I first met Robinson when the late Kwame McDonald, a colleague, mentor and friend, introduced us at the summer league he ran and asked me to coach in the late 1980s. McDonald once coached Lisa Lissimore, the Minneapolis Public Schools(MSHSL) associate director, on the Summit-University women’s basketball team.

Lissimore recommended Robinson for one of the seven NCAA Living Legend awards handed out during the Men’s Final Four in April. She included a Black History Month piece I wrote in 2018 as part of her supporting documentation.

If you’re keeping count, that’s five degrees of separation of James Robinson, the first Black official to referee in the Minnesota State Boys’ Basketball Tournament in the 1970s; in total, he worked seven state tournaments. He refereed both football and basketball for many years in the Twin Cities and throughout Minnesota, then focused solely on hoops both at the high school and college levels.

The Big Ten selected Robinson in 1971 as a basketball official, and he became one of the first Black referees to work Division I sports. He worked Big Ten, Division I, II, and III games for 16 years before a knee injury forced him to retire. He then became a supervisor of officials both for the Big Ten and as MSHSL high school basketball officials coordinator and supervisor ever since.

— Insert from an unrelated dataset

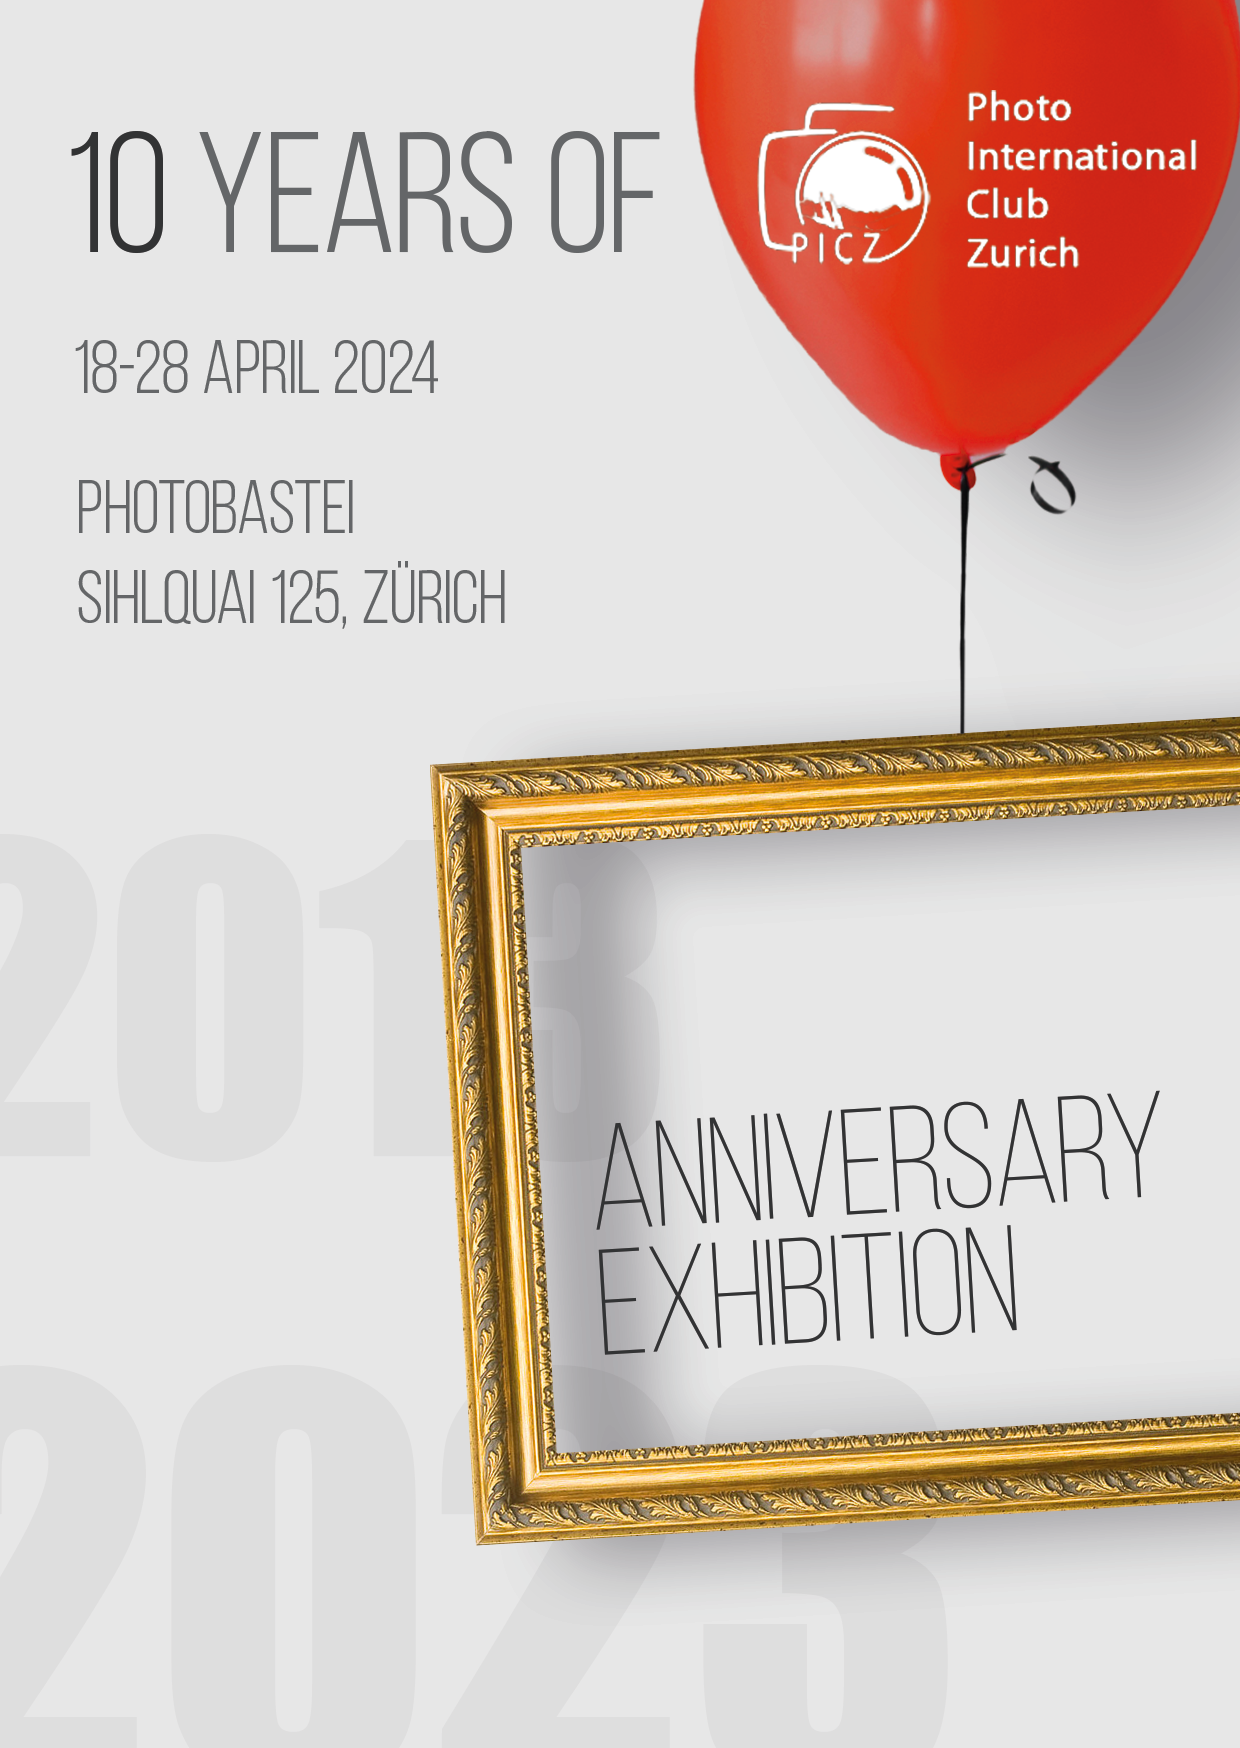 Exhibition Vernissage - PICZ 10th year anniversary

A longtime advocate for Black officials, Robinson for many years has held officiating camps, helped found a minority officials association in Minnesota, and was a National Federation of Basketball Rules Writing Committee member.

During the late 1960s, local community folk approached Robinson to apply for the director of the Summit University Teen Center, which was developing a new social services concept, the “drop-in center.” He has now been at “The Loft” since 1967.

What I didn’t know about Robinson was that he is a master barber and served on the Minnesota Board of Barber Examiners. I later learned that as a youngster growing up in St. Paul he was the first Black elected as the citywide student chief of the school patrol boys, and as a teenager was selected to attend Minnesota’s Boys State where his peers selected him “Mayor of Boy’s State.”

Robinson’s impressive resume includes inductions into the Minnesota Basketball Coaches Association Hall of Honor and the MSHSL Hall of Fame.

“Who determines a legend?” Robinson, ever modest, responded when asked where the NCAA Living Legend honor ranks. “I would not rank [myself] so high.”